The majority opinion says that its holding regarding the State Constitution is consistent with Dushame and our opinion reviewing the post -Dushame proposed legislation amending RSA 500-A:13, Opinion of the Justices (Alternate Jurors), 137 N.H. 100, 623 A.2d 1334 (1993). The language quoted, and the issue in the later case, involved the due process aspects of late substitution, not the structural problem of a missing juror.

I respectfully dissent from the opinion of the majority and would reverse on the State constitutional twelve-man jury issue.






Concurrence Opinion

BATCHELDER, J.,

concurring specially: I concur in the result reached by the majority. In my view, the defendant’s right at issue in State v. Dushame, 136 N.H. 309, 616 A.2d 469 (1992), was a statutory right; we held reversal to be the proper remedy for violation of that right because the statute “touche[d] upon the integrity of the deliberative process of the jury,” id. at 315, 616 A.2d at 472, and was therefore constitutional in flavor. Id. Because the defendant in this case was not deprived of a twelve-person, constitutionally adequate jury, I cannot agree with the dissent that no objection by the defendant at trial was required to preserve the issue for appeal. It is this failure to object that sets this case apart from Dushame.

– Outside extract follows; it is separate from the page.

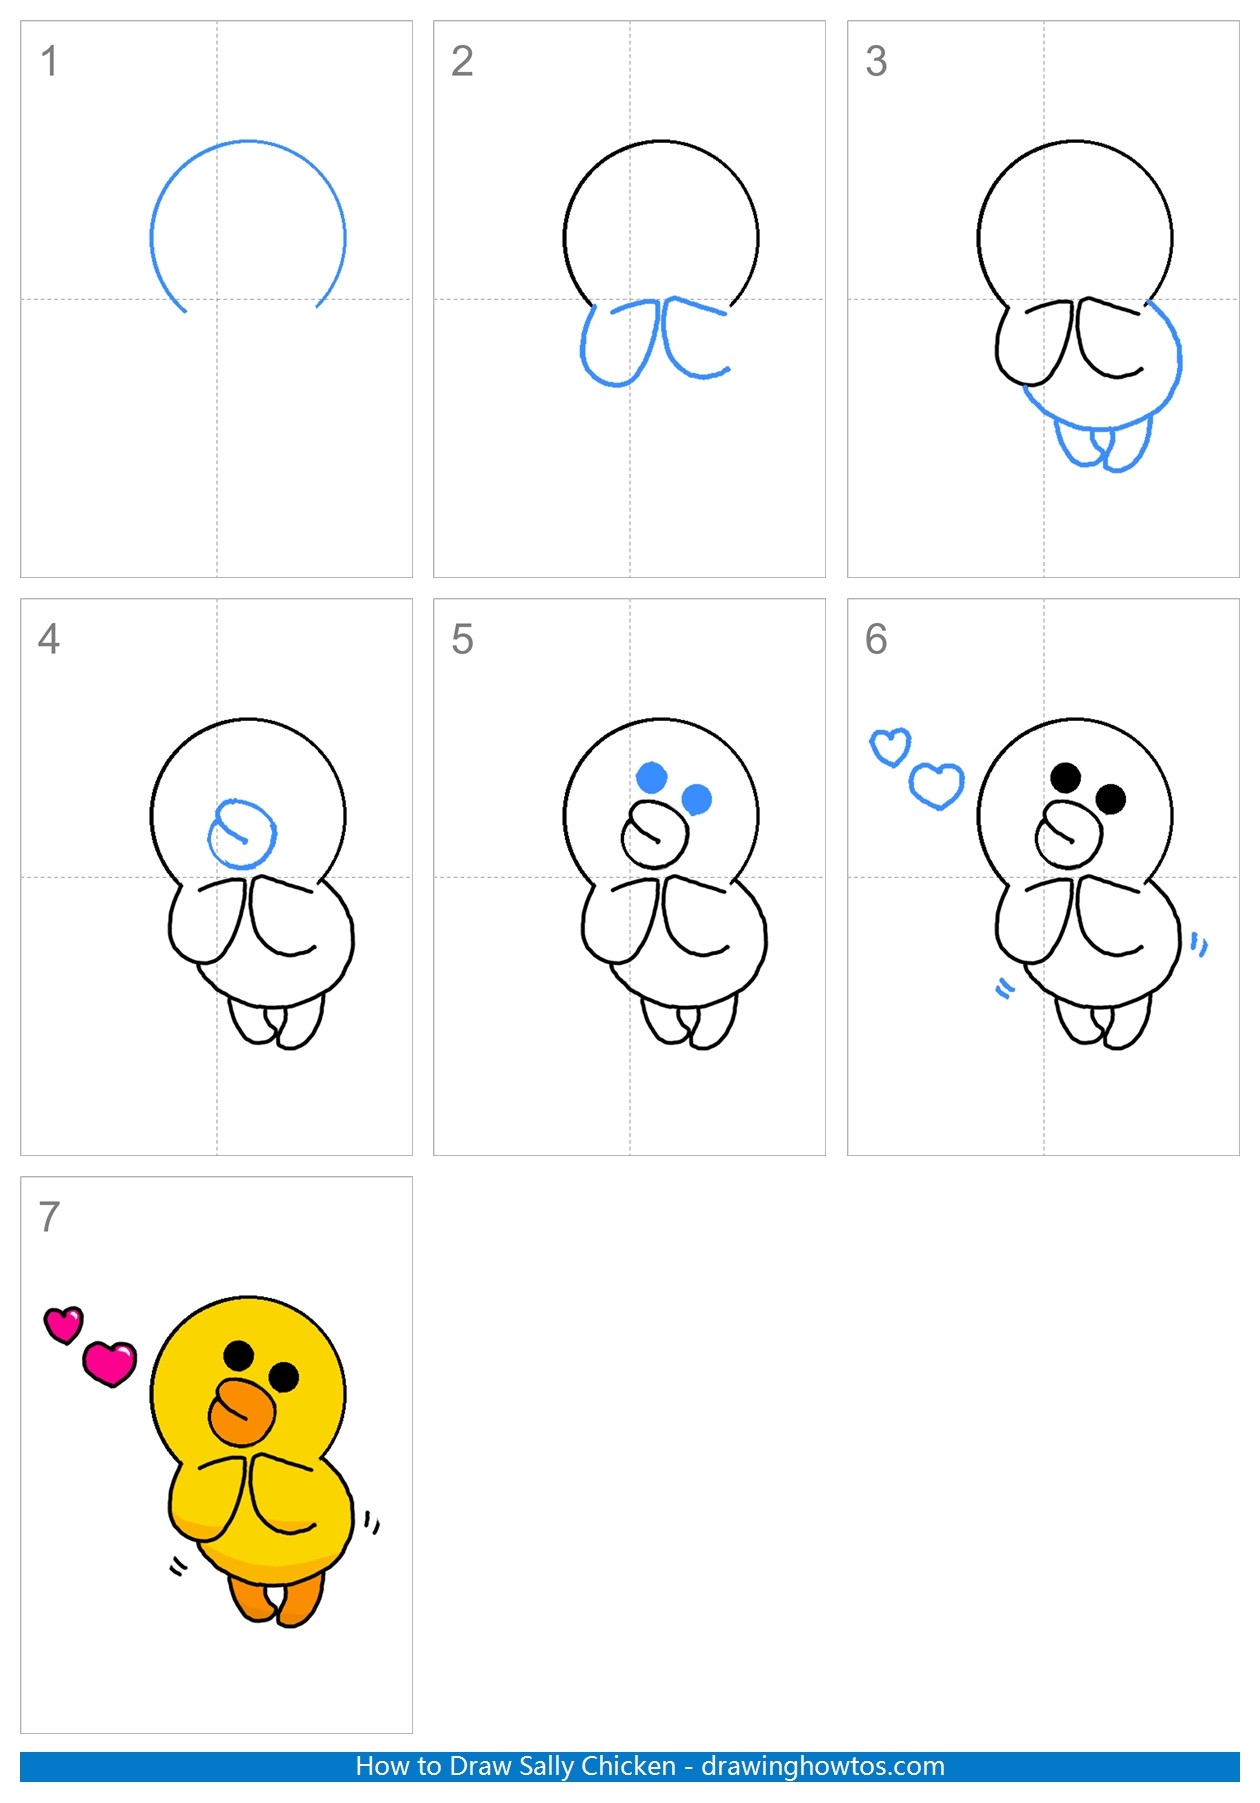 How to Draw Sally Chicken Step by Step

I agree with the majority that trial counsel’s failure to object did not constitute ineffective assistance of counsel. The United States Supreme Court has recently refined the prejudice inquiry of the ineffectiveness analysis to “focus [] on the question whether counsel’s deficient performance renders the result of the trial unreliable or the proceeding fundamentally unfair.” Lockhart v. Fretwell, 113 S. Ct. 838, 844 (1993). Because the trial judge, by polling the alternate and directing the jury to begin deliberations anew, followed the procedures we subsequently outlined in Opinion of the Justices (Alternate Jurors), 137 N.H. 100, 104-05, 623 A.2d 1334, 1337-38 (1993), I cannot conclude that counsel’s omission resulted in prejudice as thus defined.